━━━ Raw data ━━━

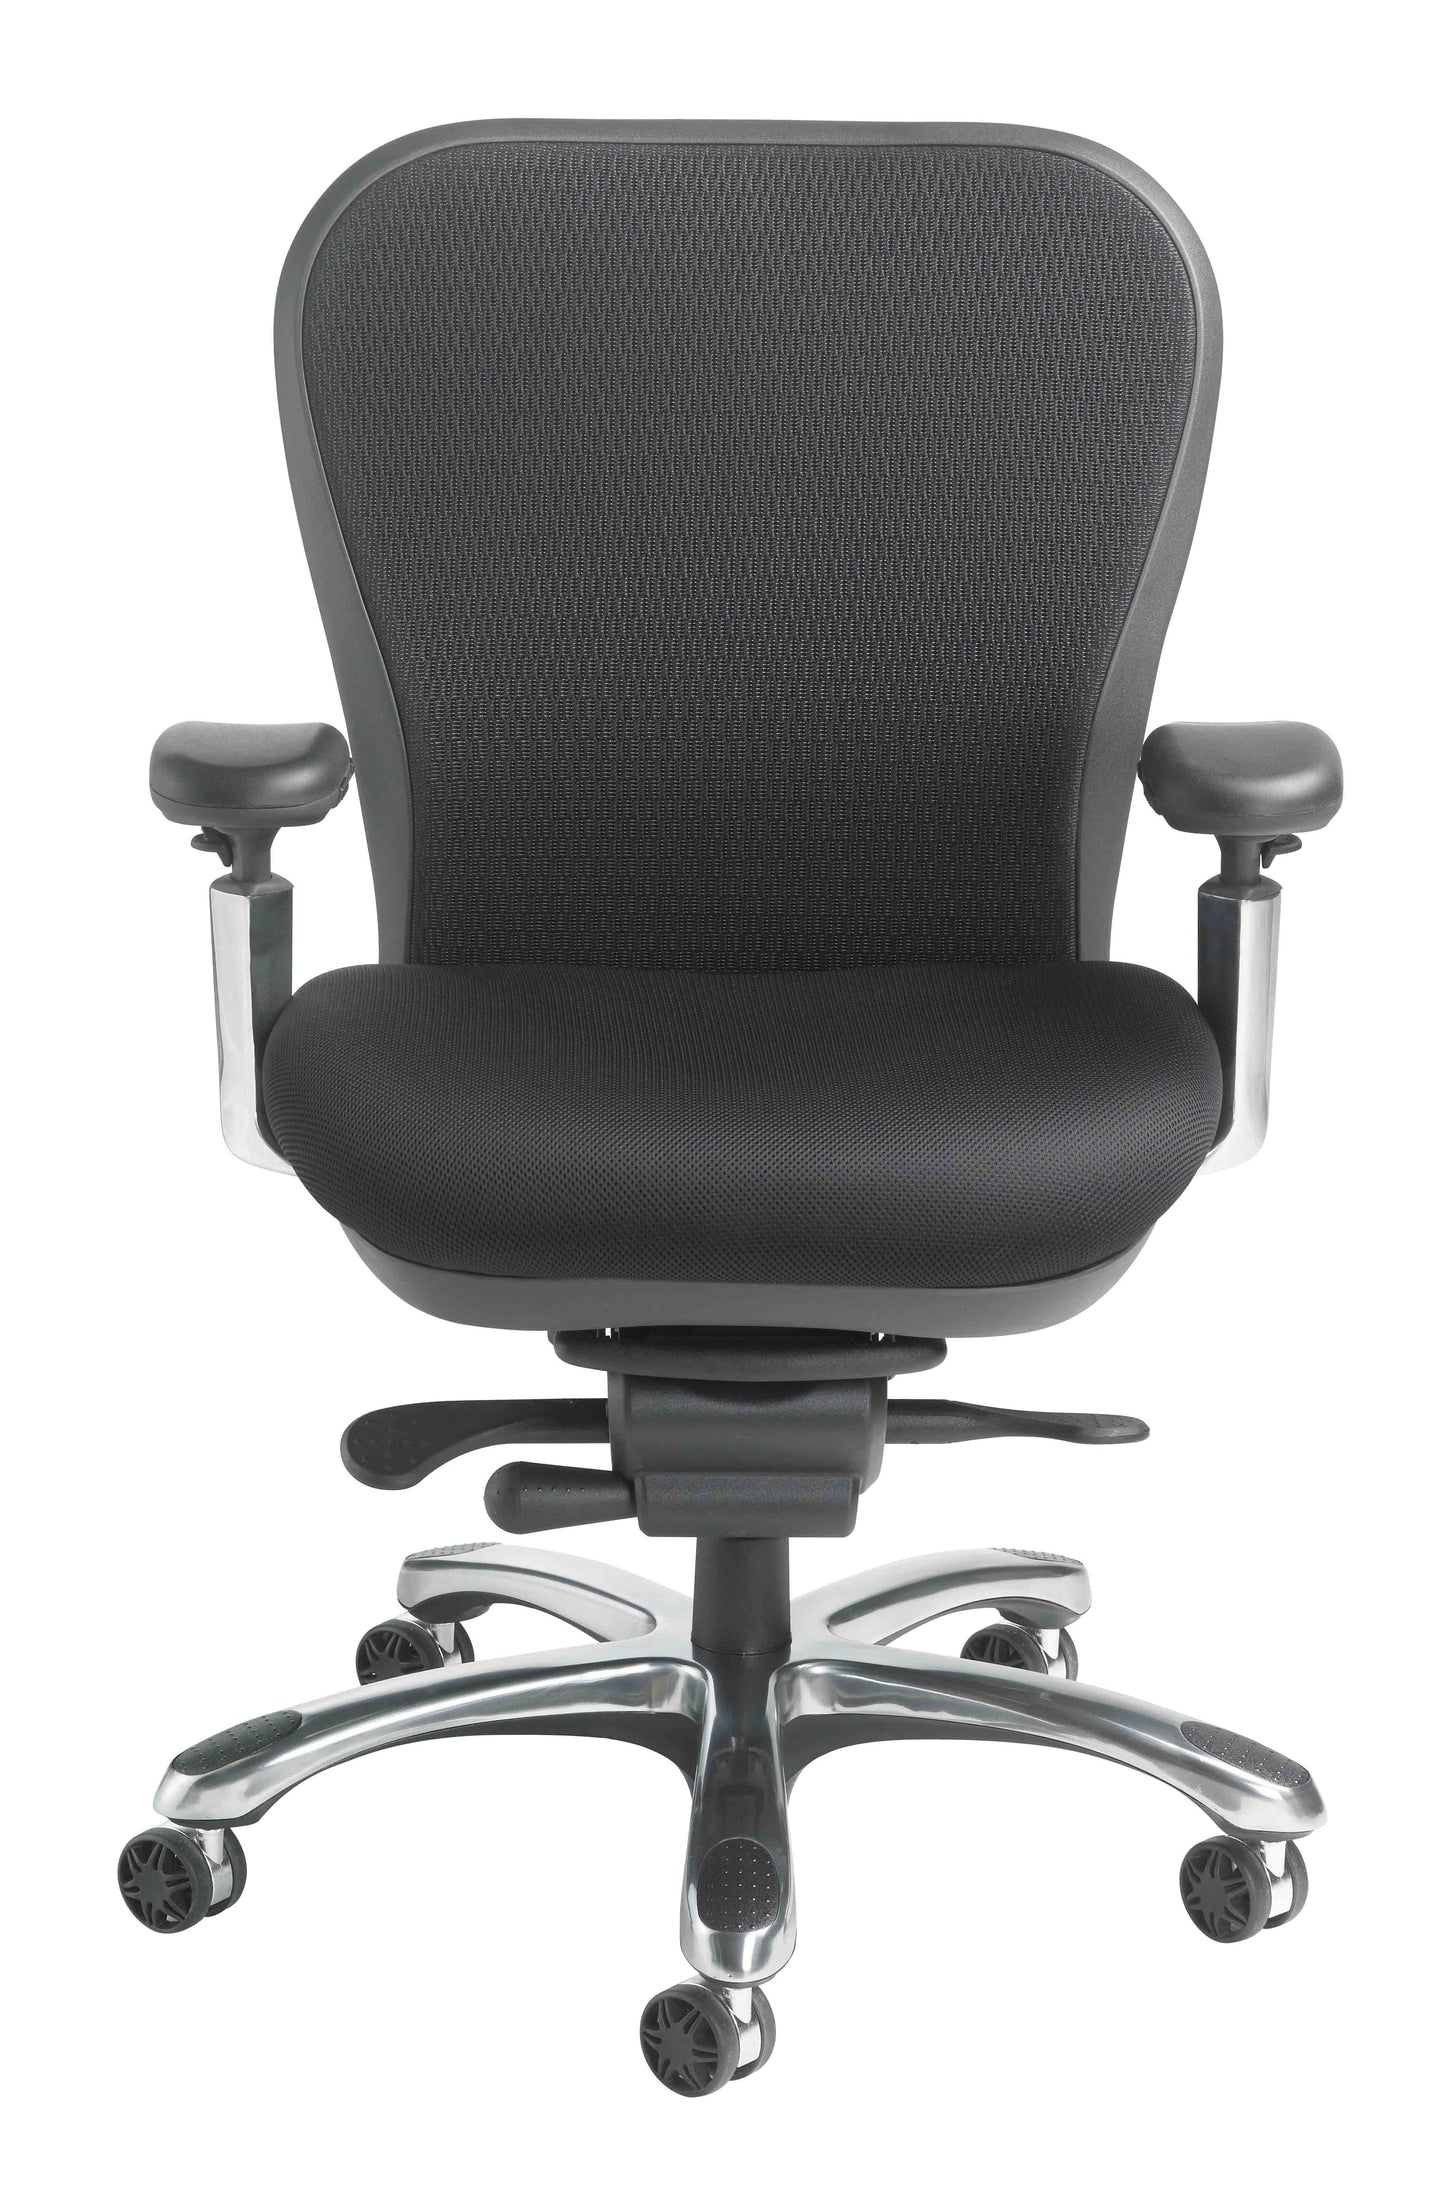 Nightingale CXO Office Chair - 6200 - Black
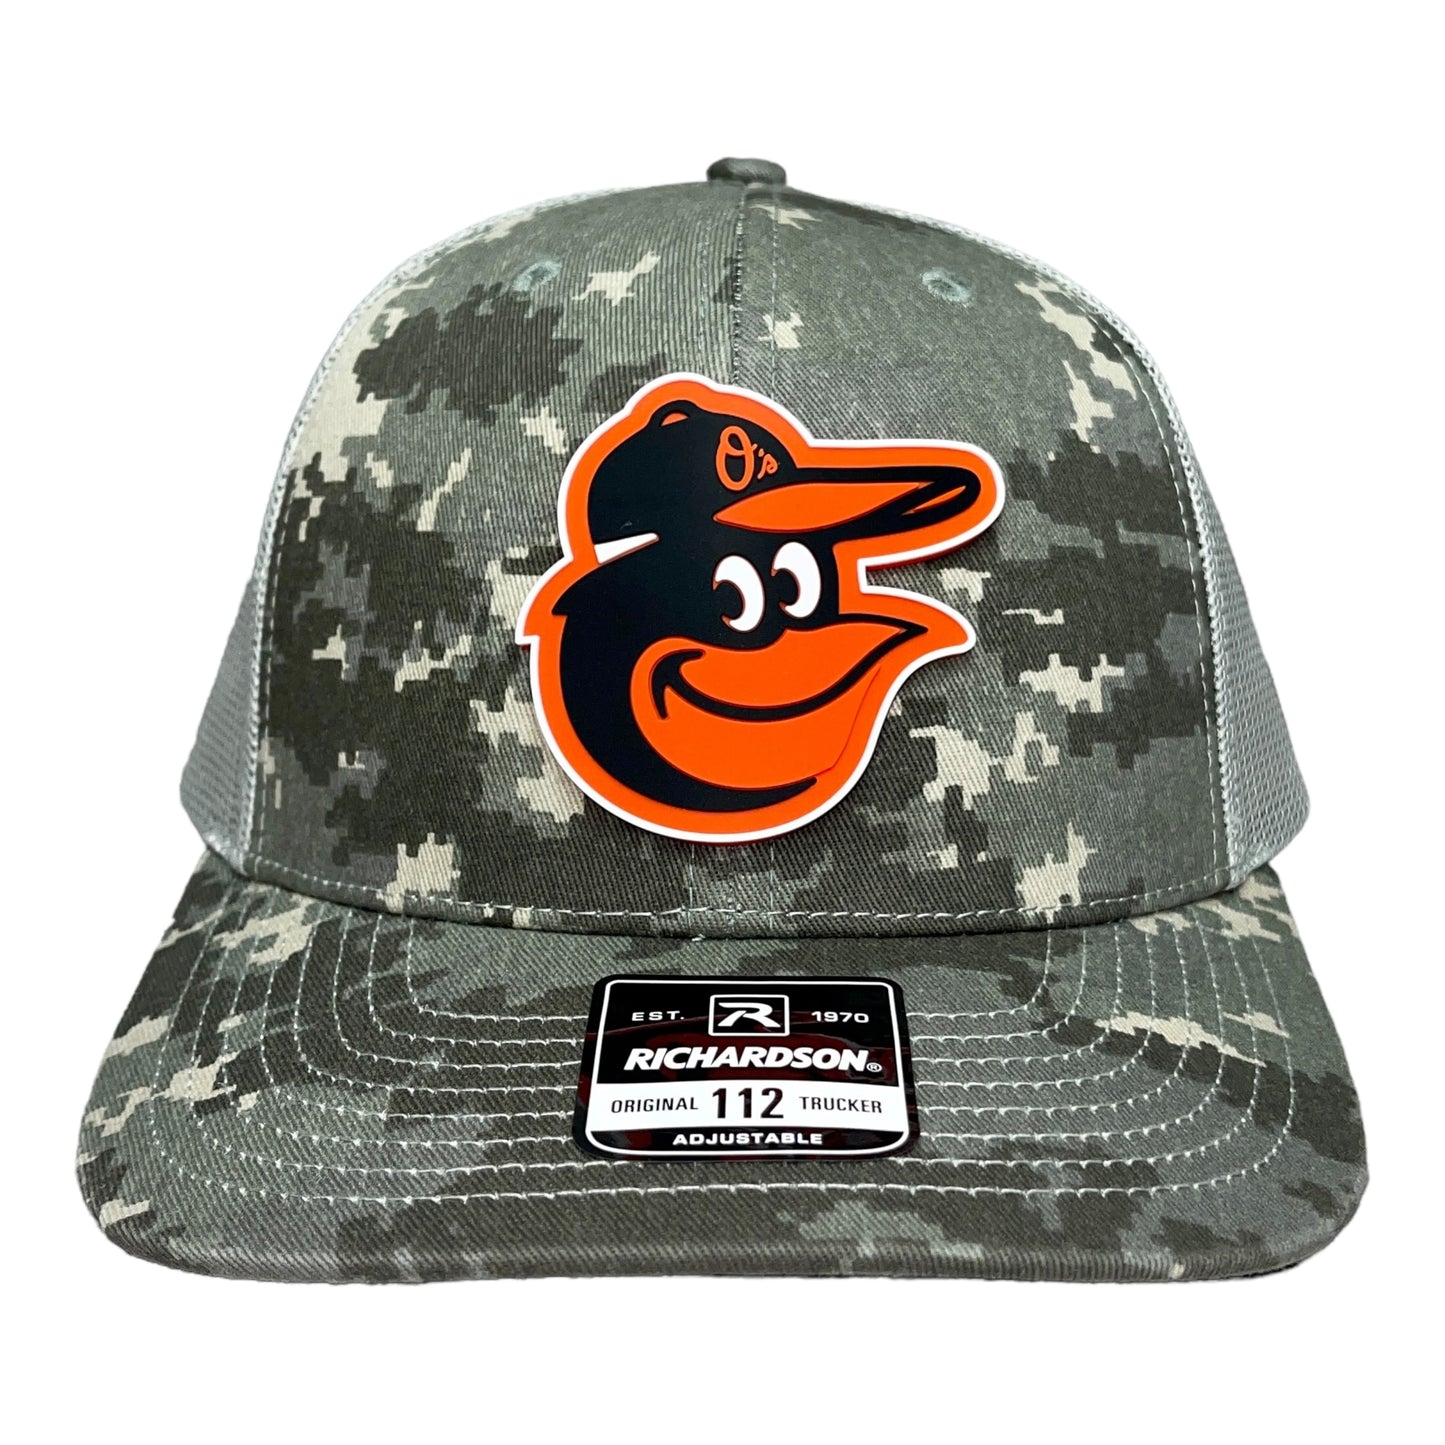 Baltimore Orioles 3D Snapback Trucker Hat- Military Digital Camo
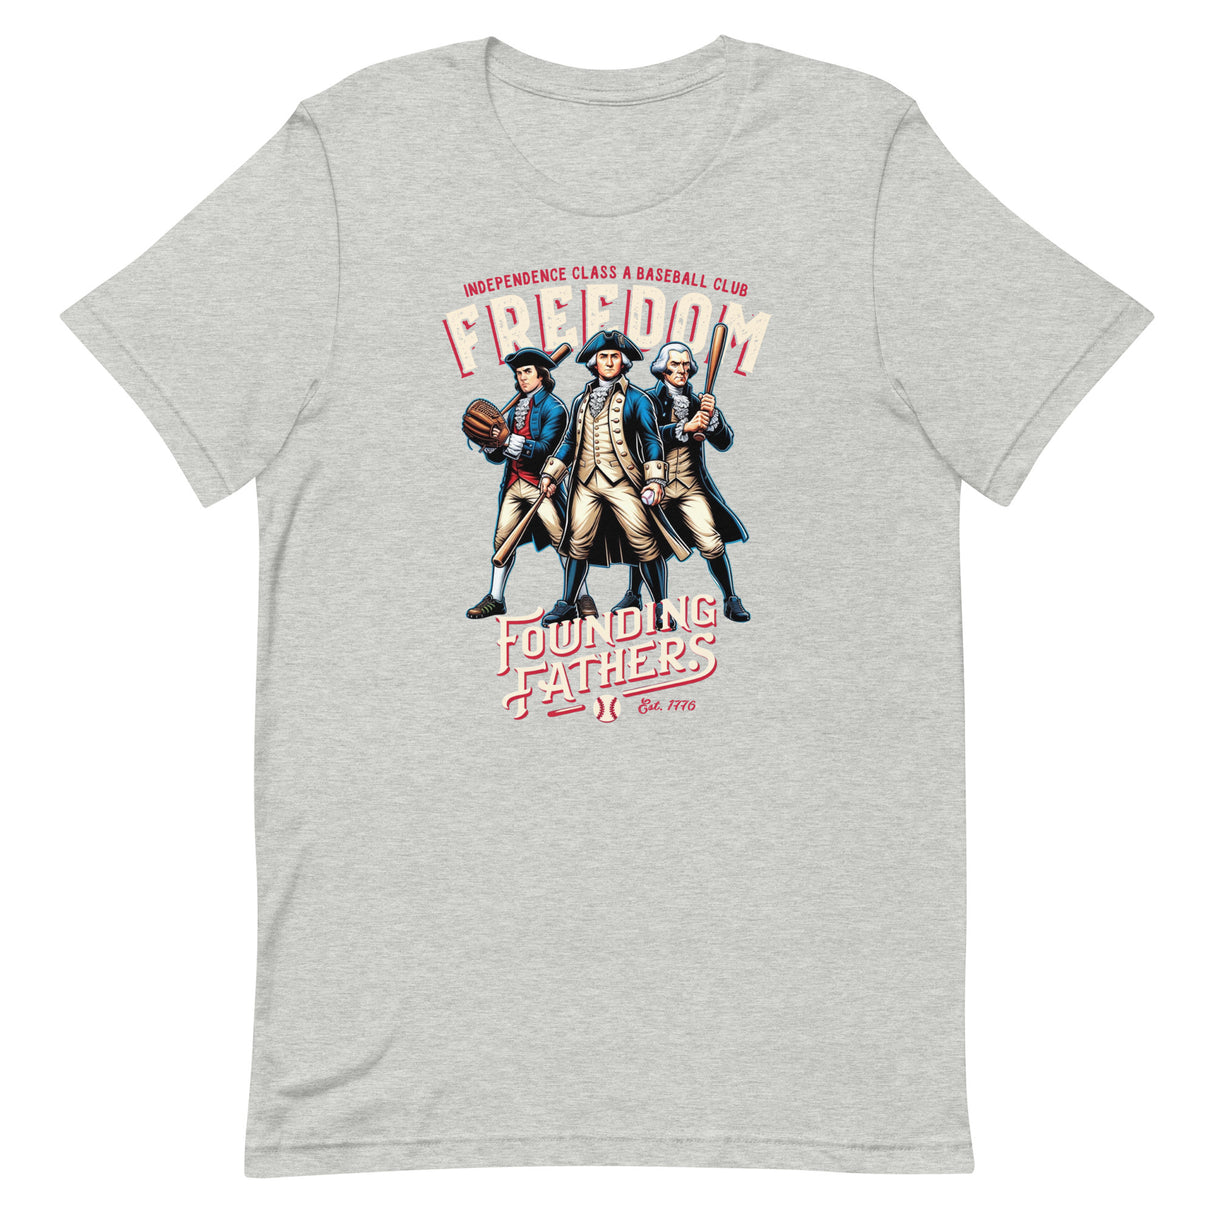 Freedom Founding Fathers Retro Minor League Baseball Team-Unisex t-shirt
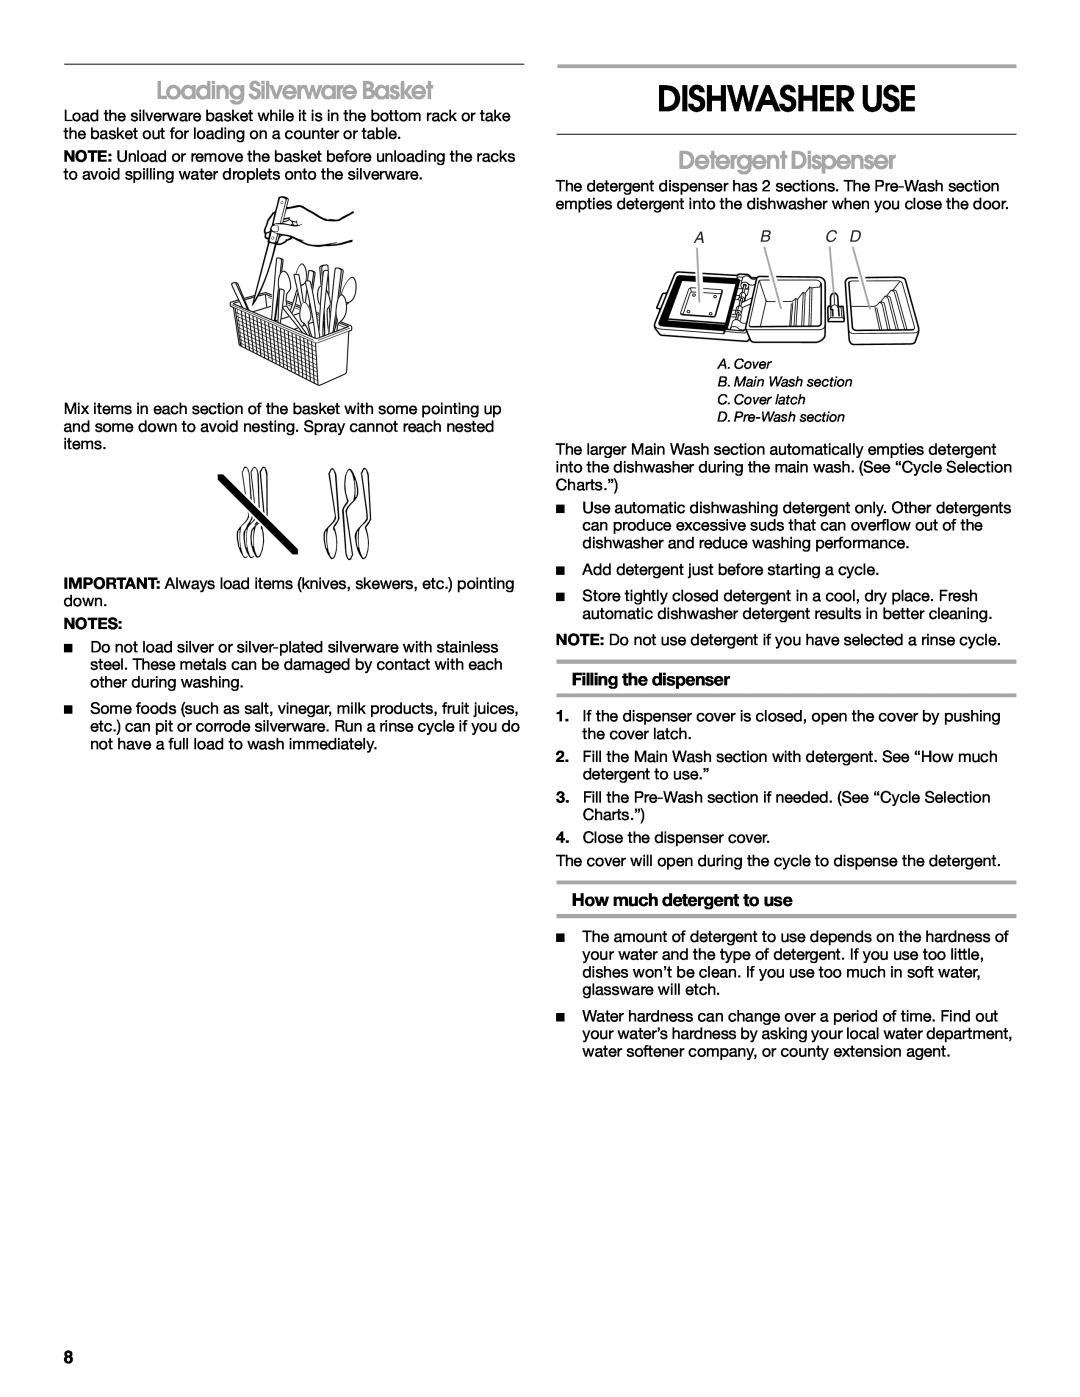 Crosley CUD4000T manual Dishwasher Use, Loading Silverware Basket, Detergent Dispenser, Filling the dispenser, A B C D

━━━

Write out each line again, exactly as it appears above, except for any picture.

> **Completed task**
 Nightingale CXO Office Chair - 6200 - Black
 Baltimore Orioles 3D Snapback Trucker Hat- Military Digital Camo
 Freedom Founding Fathers Retro Minor League Baseball Team-Unisex t-shirt
 Crosley CUD4000T manual Dishwasher Use, Loading Silverware Basket, Detergent Dispenser, Filling the dispenser, A B C D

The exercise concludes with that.